Quando a anunciada, a série do Loki se tornou um alvo de toda especulação e hype criado pelos fãs da Marvel até sua estreia. E podemos dizer que o deus da mentira, apresentado no universo de Thor, no decorrer das fases cinematográficas do estúdio, se tornou um dos mais queridos e difíceis de dar uma resolução. Pois como se livra de uma figura que acabou conquistando o público? A resposta? Não tem como! Tony Stark, e suas inúmeras citações após "Vingadores: Ultimato", que o diga!

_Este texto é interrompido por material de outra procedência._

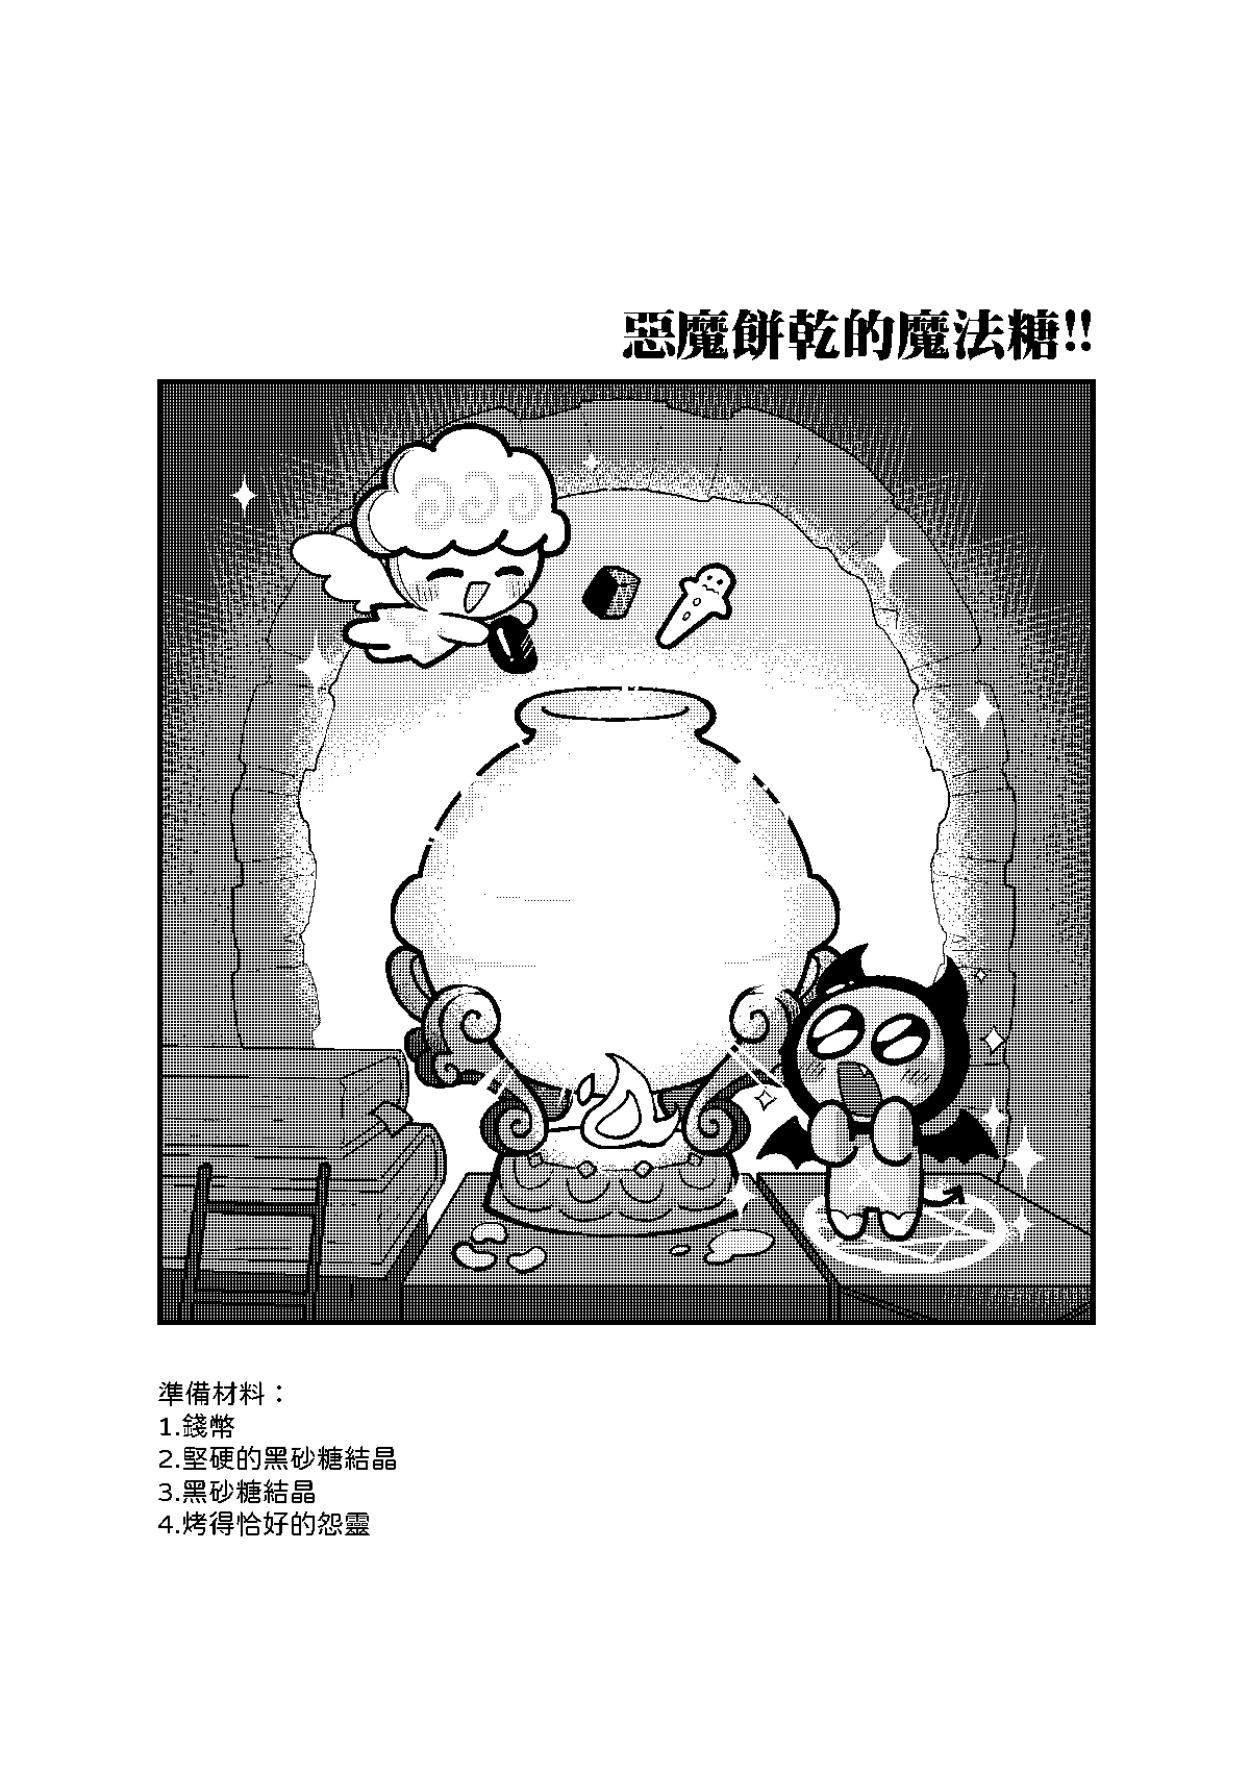 Yī qǐlái zuò tángshuāng bǐnggān ba 2 | "Let's make icing cookies 2" 4
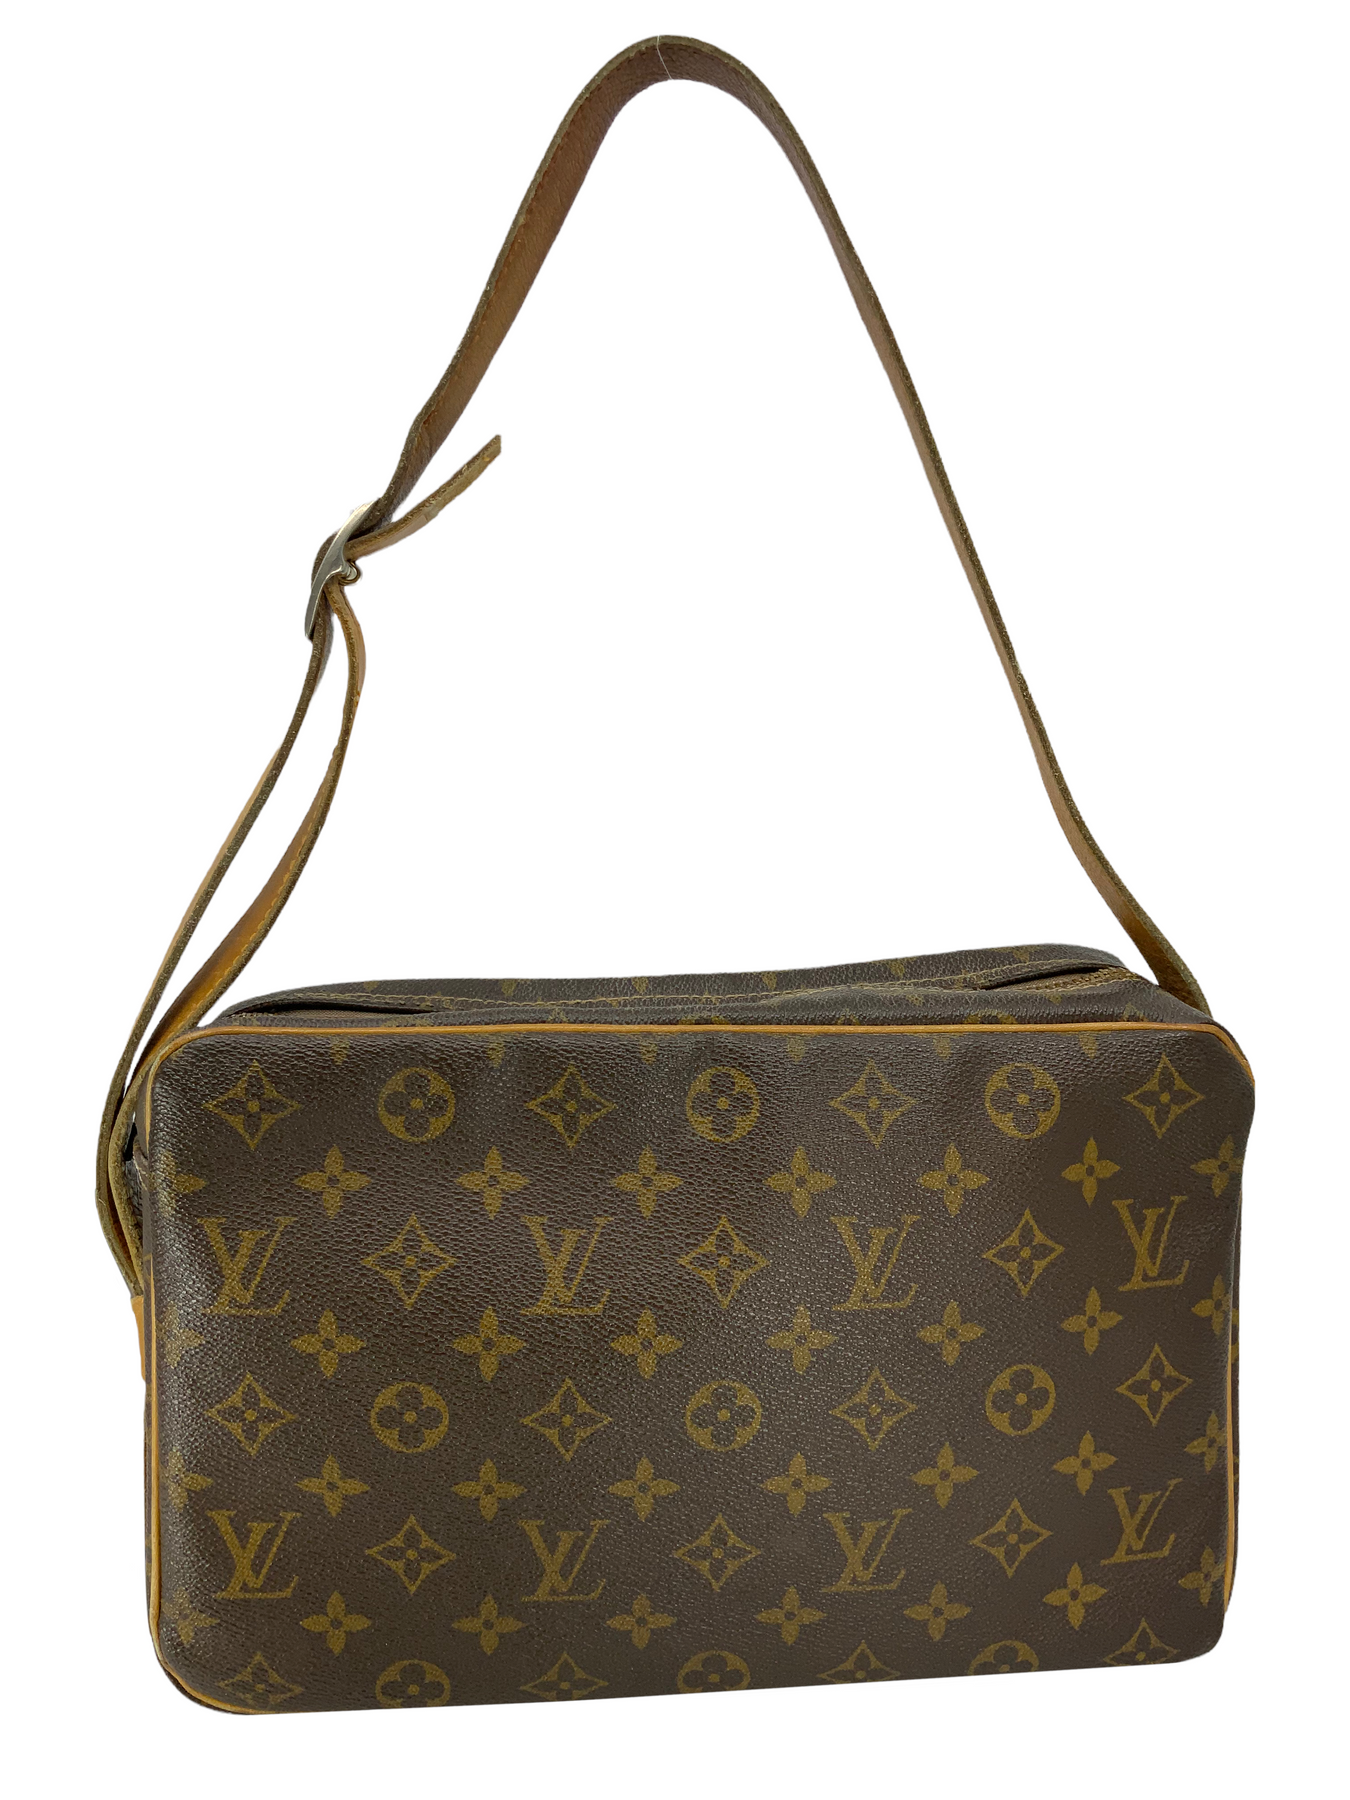 Louis Vuitton, Bags, Louis Vuitton Authentic Vintage Monogram Sac  Bandouliere

O ponto crucial nisso tudo e na construção de Loki como uma peça fundamental para os cursos da Marvel é o de justamente continuar com sua história, mesmo que não seja da forma esperada!

Logo, 'Loki' finalizou sua primeira temporada no Disney+ de maneira satisfatória, e apesar de muitos esperarem uma apoteose de acontecimentos ou revelações que mudariam o curso da cultura pop como conhecemos, mas esta é uma produção de preparo, tanto para as próximas narrativas que iremos acompanhar dentro e fora do cinema, quanto para um personagem que demonstra distância de qualquer unilateralidade, e não estamos nem falando de suas variantes icônicas!

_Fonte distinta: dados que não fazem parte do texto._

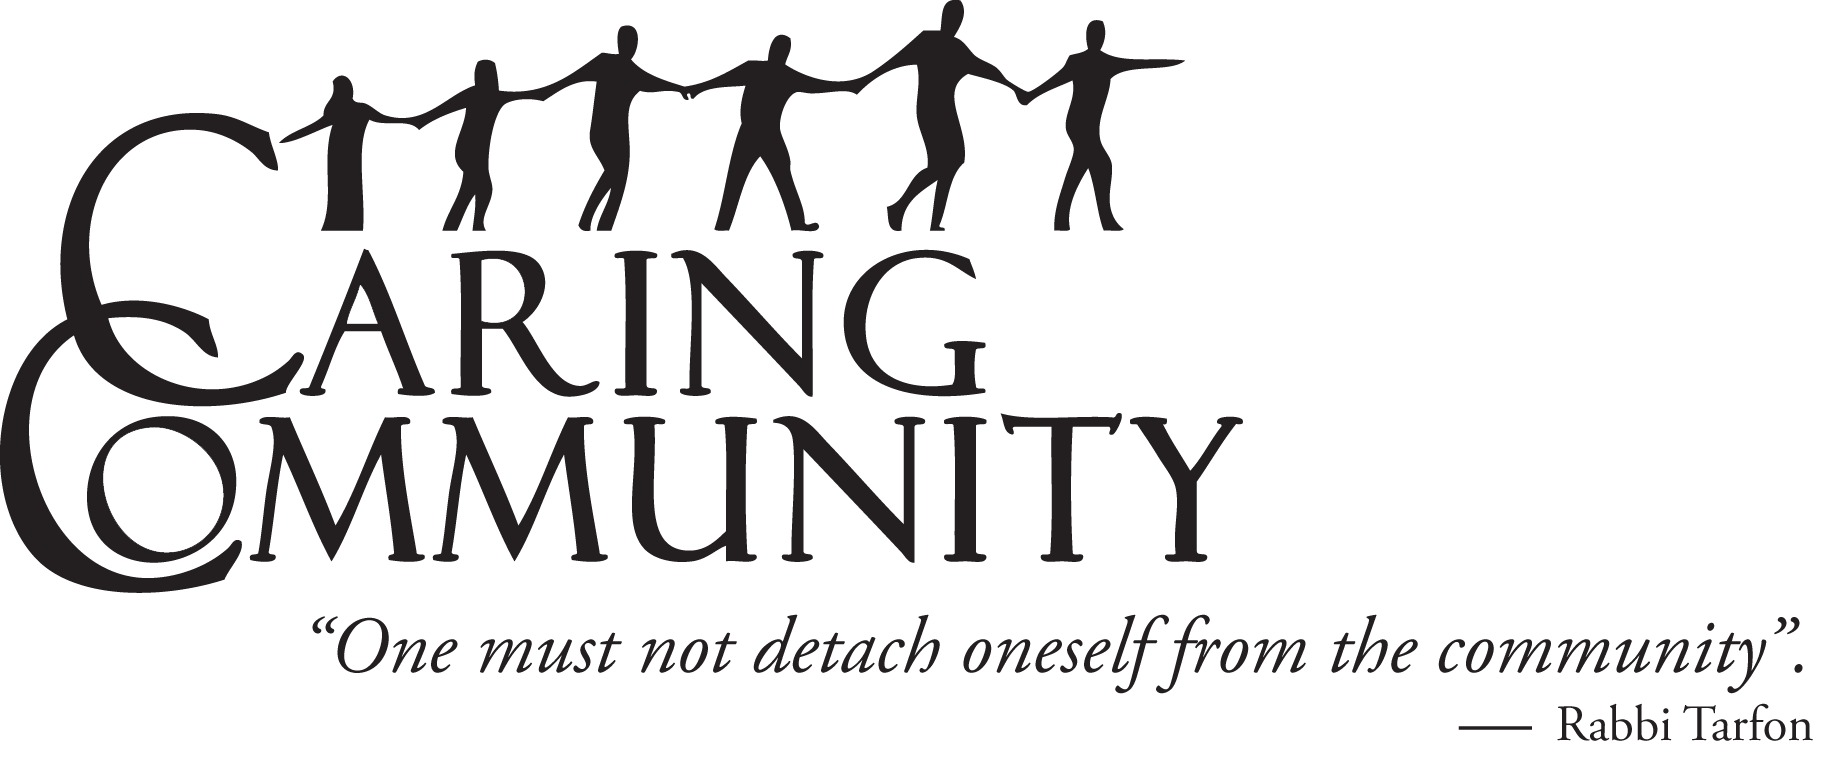 caringcommunity_logo

Durante a busca pelas joias do infinito em 'Vingadores: Ultimato', o Loki daquela linha do tempo escapou com o cubo cósmico e é justamente este Loki que passamos a acompanhar. Assim, o asgardiano é encontrado pela TVA (Autoridade de Variação Temporada, em tradução), uma agência que cuida para que a Linha do Tempo Sagrada não seja afetada por Variantes, pessoas que saem do curso de suas histórias. E Loki é uma dessas variantes. Mas existe um perigo maior rondando a TVA e a Linha do Tempo, por isso, o agente Mobius deverá confiar no deus da trapaça para então resolver os problemas que estão acontecendo!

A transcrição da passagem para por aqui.